08 Dicembre 2025
Tra il Vangelo e l’Impero: il Papa, Trump e la guerra contro il Venezuela
Spetta alle comunità cattoliche di base, ai movimenti sociali legati alla Chiesa, ai teologi della liberazione che ancora resistono, chiedere al loro leader spirituale una postura che sia veramente all’altezza del Vangelo che rappresenta.

Di Marlene Madalena Pozzan Foschiera
Quando un Papa parla di guerra e pace in America Latina, non sta semplicemente commentando la congiuntura. Sta toccando vite molto concrete, paesi che da decenni vengono trattati come cortile di casa dagli Stati Uniti. Per questo, la recente dichiarazione di Leone XIV – durante la sua visita in Turchia nella prima settimana di dicembre 2026, suggerendo che, invece di attaccare militarmente il Venezuela, Washington potrebbe ricorrere al “dialogo” o alla “pressione economica” – non è un semplice lapsus linguistico. È una presa di posizione.
Perché, diciamolo chiaramente: la guerra è già in corso, ed è proprio economica.
Democrazia per chi?
Gli stessi Stati Uniti che si presentano al mondo come “culla della democrazia” hanno una lunga storia di colpi di stato, invasioni, sabotaggi e blocchi contro l’America Latina e i Caraibi. Cuba e Venezuela sono solo gli obiettivi del momento di una lista che passa per Guatemala, Cile, Nicaragua, El Salvador, Brasile, Bolivia, Honduras e tanti altri.

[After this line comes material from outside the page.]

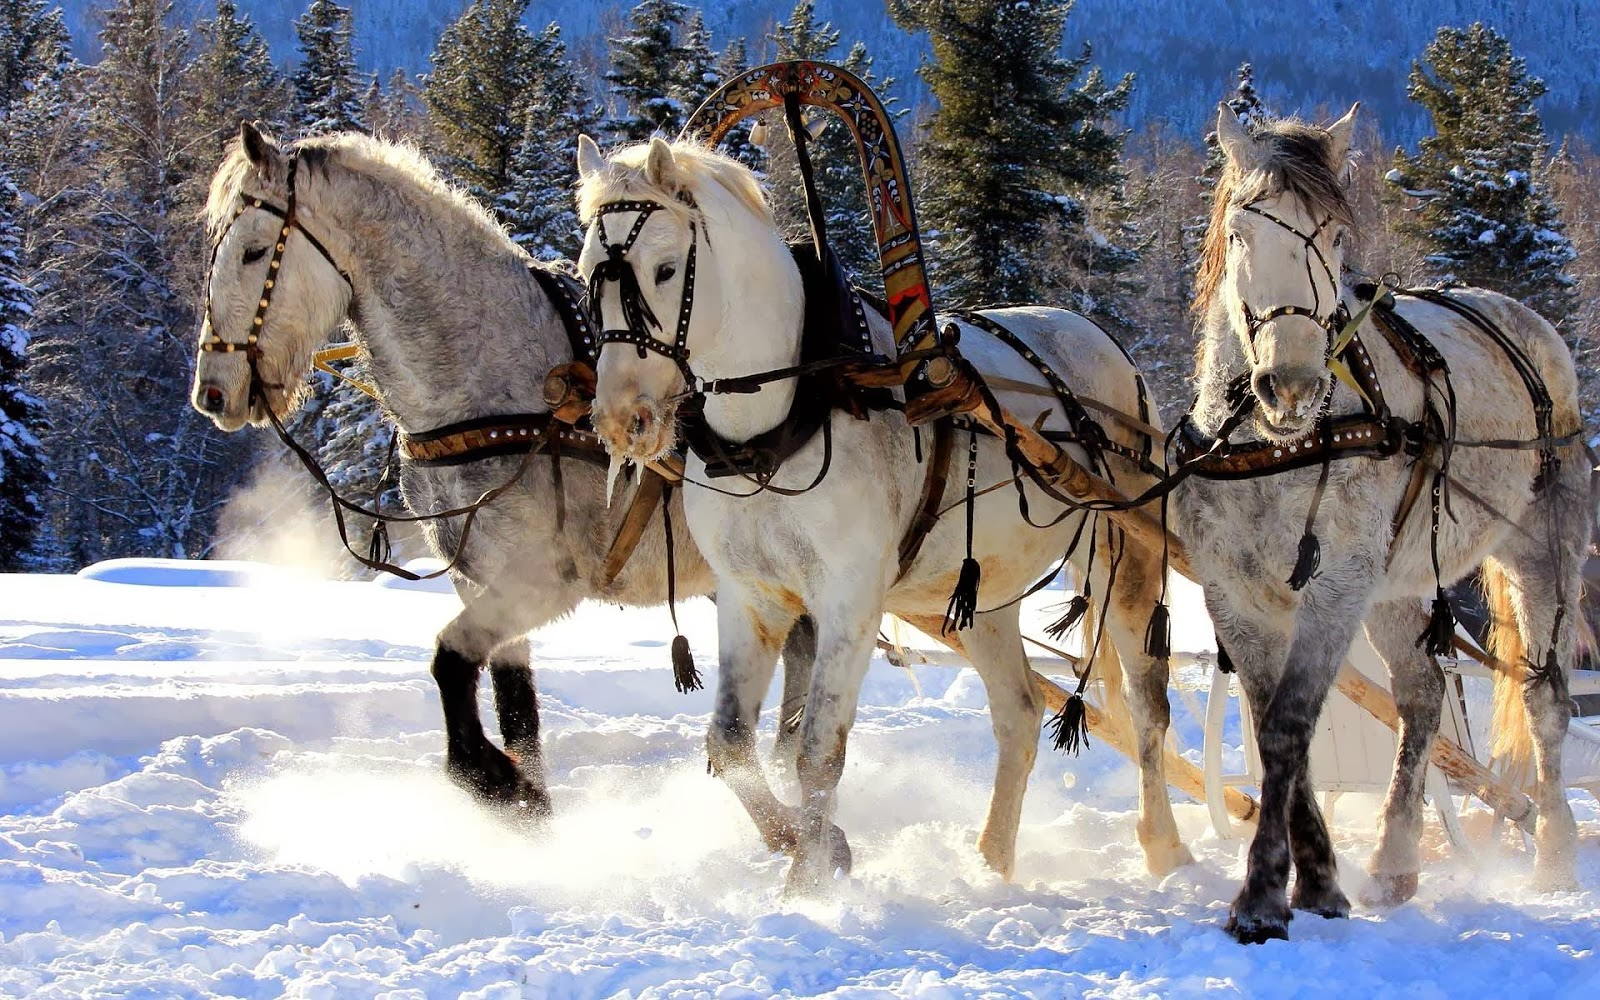 christmas sleigh horses 1920x1080 wallpaper - photo #43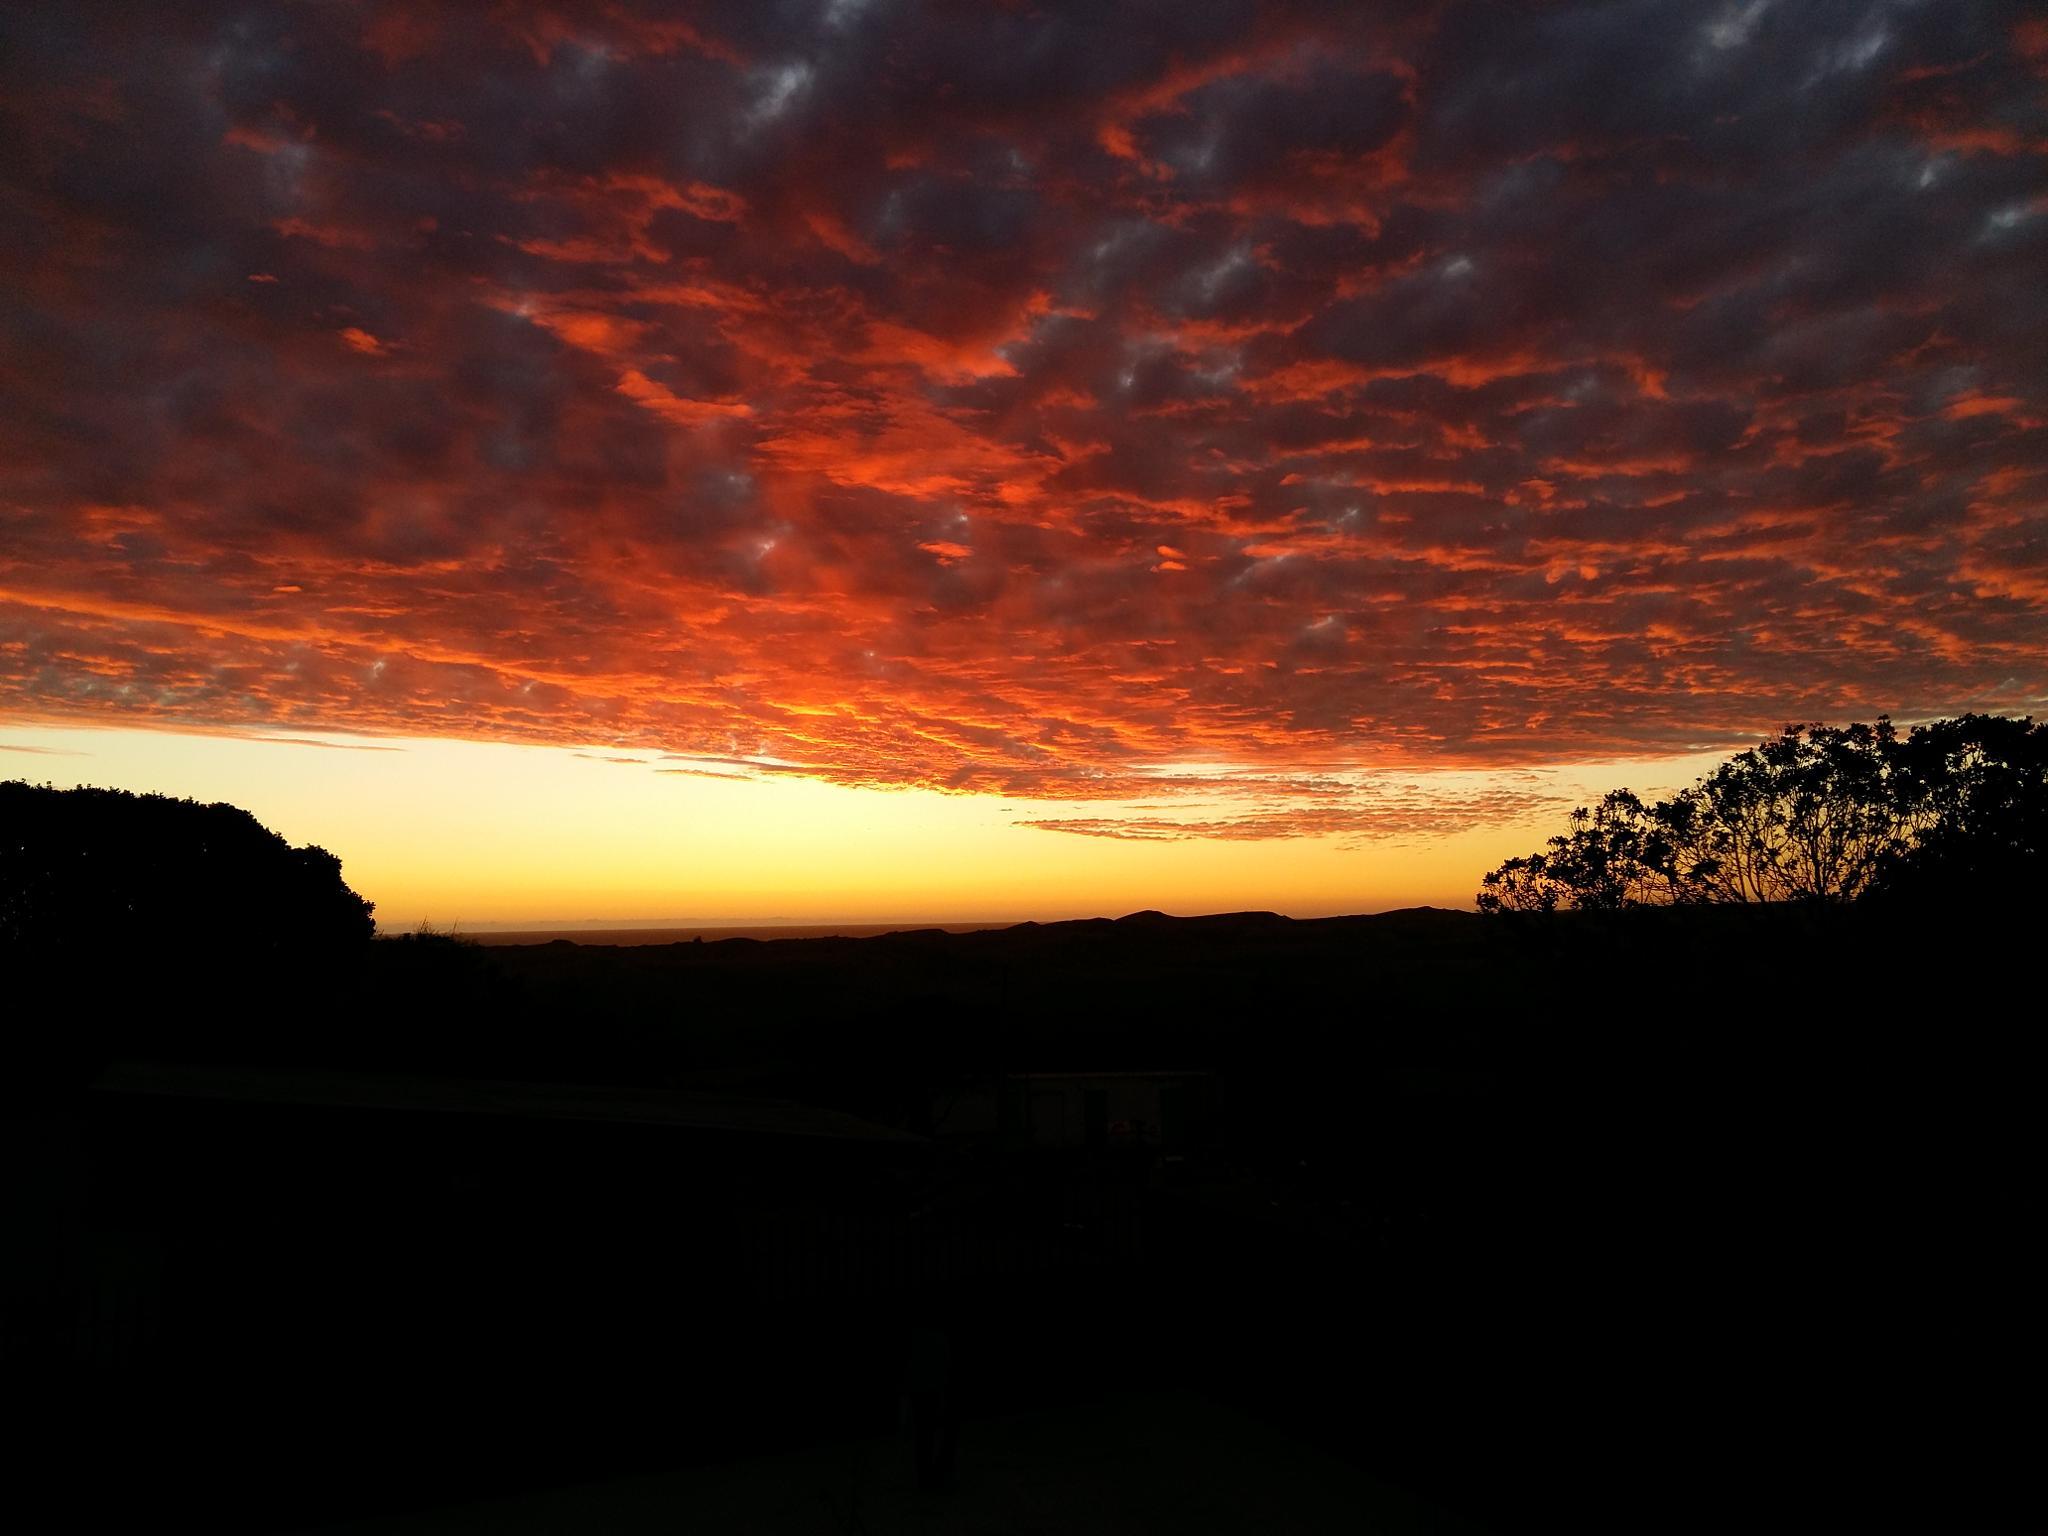 Sunset over pacific ocean by Tor Johansen

La stampa egemonica insiste nel ripetere, come un mantra, che Cuba e Venezuela sono “dittature”. Parte della sinistra mondiale dissente da questa etichetta o, quantomeno, si rifiuta di accettarla ripetendo il vocabolario del Dipartimento di Stato. E c’è un motivo semplice: chi deve discutere i problemi del Venezuela sono i venezuelani. Nessun altro. A meno che il Venezuela non inizi a invadere paesi, imporre il suo regime ad altri popoli, bombardare città o soffocare economie intere – e non è questo che è in gioco.
Ciò che è in gioco, in fondo, è un’altra cosa molto concreta: il petrolio.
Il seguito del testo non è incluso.